It is hard to say when drawings and engravings of labyrinths began to appear or which civilization was the first to use them. The earliest known depictions date from the late Neolithic period and the early Bronze Age (approximately in the second millennium B.C.) (Reed, 1992). Labyrinths began to be used in churches and cathedrals during the Roman period. The first known labyrinth within a Christian context was built in Algeria in the Basilica of Reparatus in Orleansville (324 A.D.) (Fawcett, 2001). At first, labyrinths appeared mainly in manuscripts. By the twelfth century, pavement labyrinths began to be included in the design of many cathedrals and churches in Italy, and during the thirteenth century they spread to France, where very good examples are to be found. The best known medieval labyrinth is undoubtedly the one in Chartres cathedral.
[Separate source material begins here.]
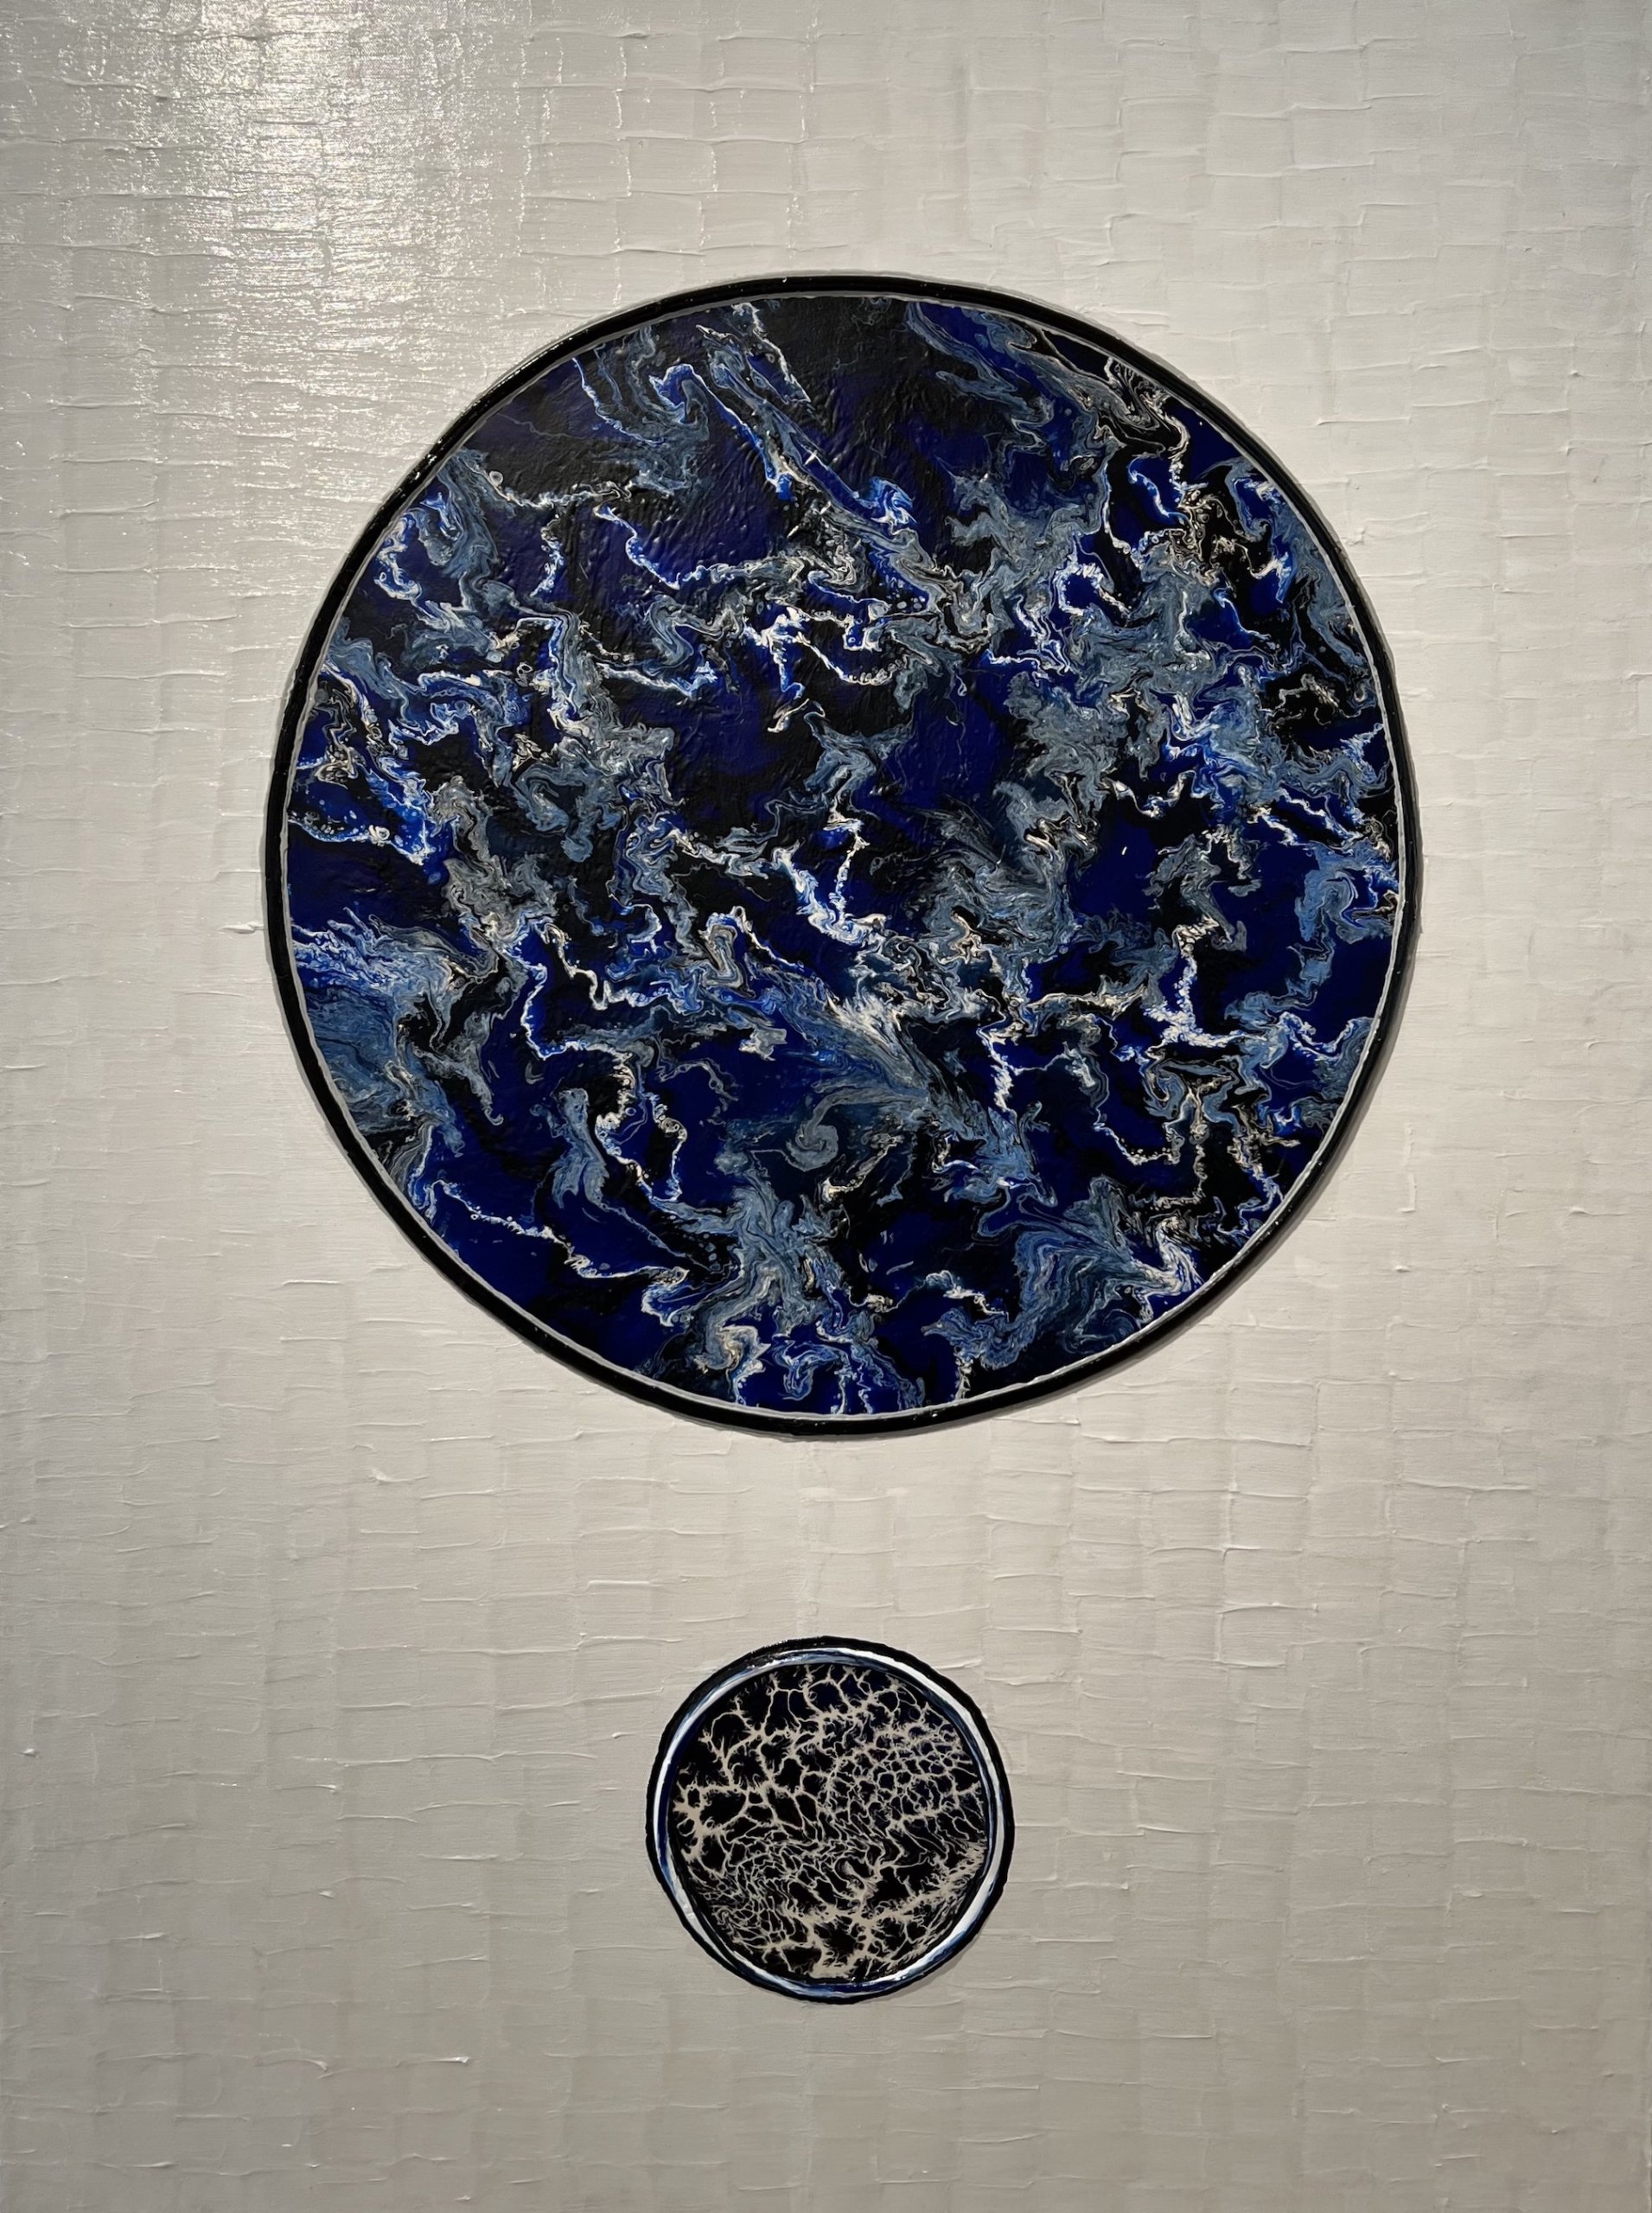 by Chris Lucore "The blue planet" (2022, 48" x 36") on display at Lucore

Medieval labyrinths, specially the one in Chartres cathedral, have raised many questions and have been attributed many uses, such as: penitential use by devout Christians, who would walk on their knees as a substitute for the long and arduous pilgrimage to Jerusalem; or liturgic use on Easter Day (Wright, 2001). According to some theories, the labyrinth (encircled by an outer ring of 122 lunations, 28 in each quadrant) might have been used as a lunar calendar to determine the date of Easter each year (Artress, 1995; Critchlow, Carroll, & Vaughan, 1975) In this paper we show a geometric-astronomical superposition correlating a particular and special star of the constellation with the center of the labyrinth.
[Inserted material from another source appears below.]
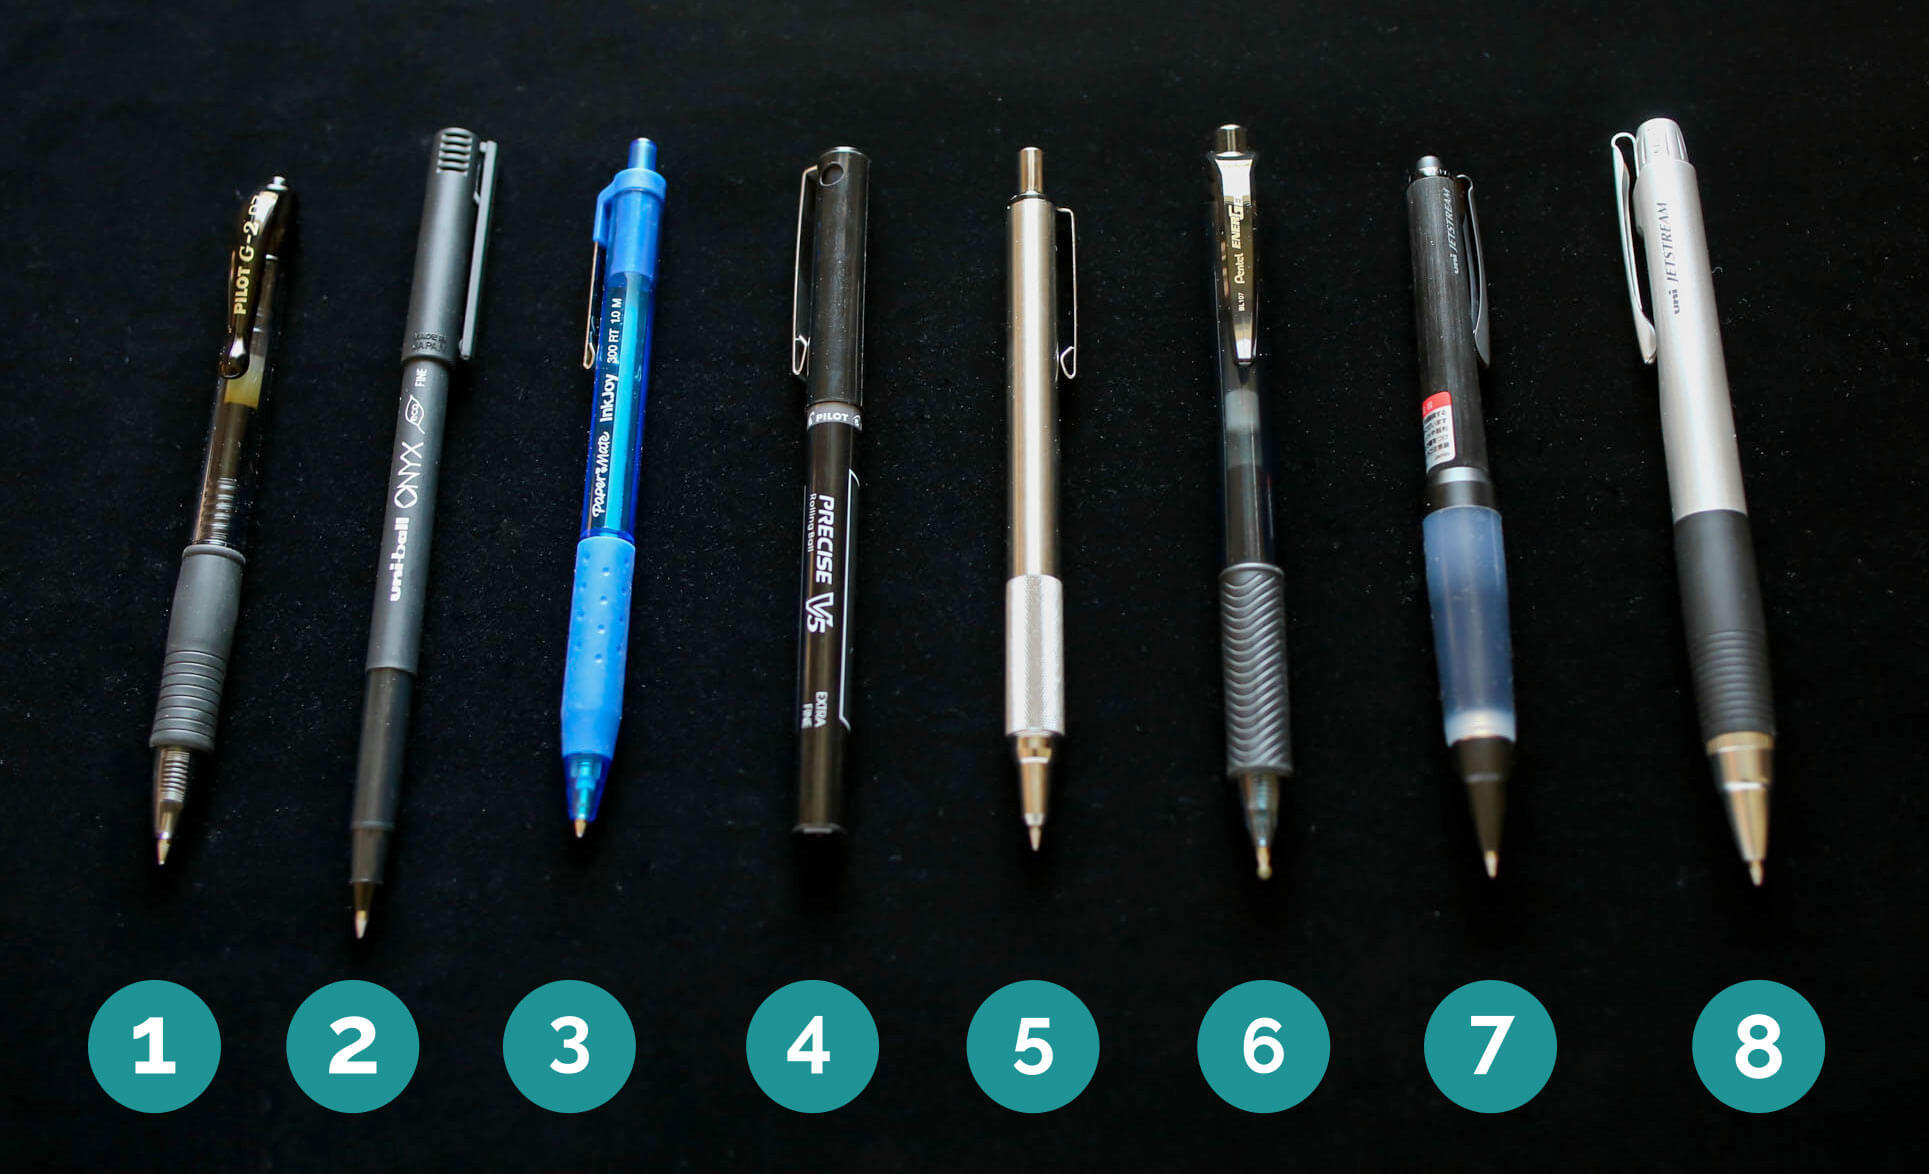 What is the best colored ink gel pen? My vote is for the pilot g2

These two architectural and historical elements—the labyrinth and the rose window (Figures 1, 2)—have been formally associated on several occasions in order to provide an answer to the very existence of the labyrinth; however, contrary to our research, these associations only considers its dimensions and location (Critchlow et al., 1975; Laporte & Odette, 1997; Tomasini, 2015). The architectural uniqueness of the main rose window is due to its impressive size, its constructive complexity and its important role in the composition of the main façade. All these qualities are the reasons why the rose window has been the focus of many research studies; for instance the geometric analysis of its texture or construction (Lluís i Ginovart, Samper, Herrera, Costa, & Coll, 2016; Samper & Herrera, 2016), or the study of the solar rays entering the cathedral (Heilbron, 2001). However, this rose window had never been examined as an astronomical instrument until 2016, when Seguí et al. wrote a paper where the star orbits of the catasterism of ancient virgin goddesses are projected through the rose window and correlated with the general architectural structure of the cathedral (Seguí, Samper, & Herrera, 2016). In the present paper, we follow a similar methodology to that earlier work and we study in depth the special relationship with the labyrinth.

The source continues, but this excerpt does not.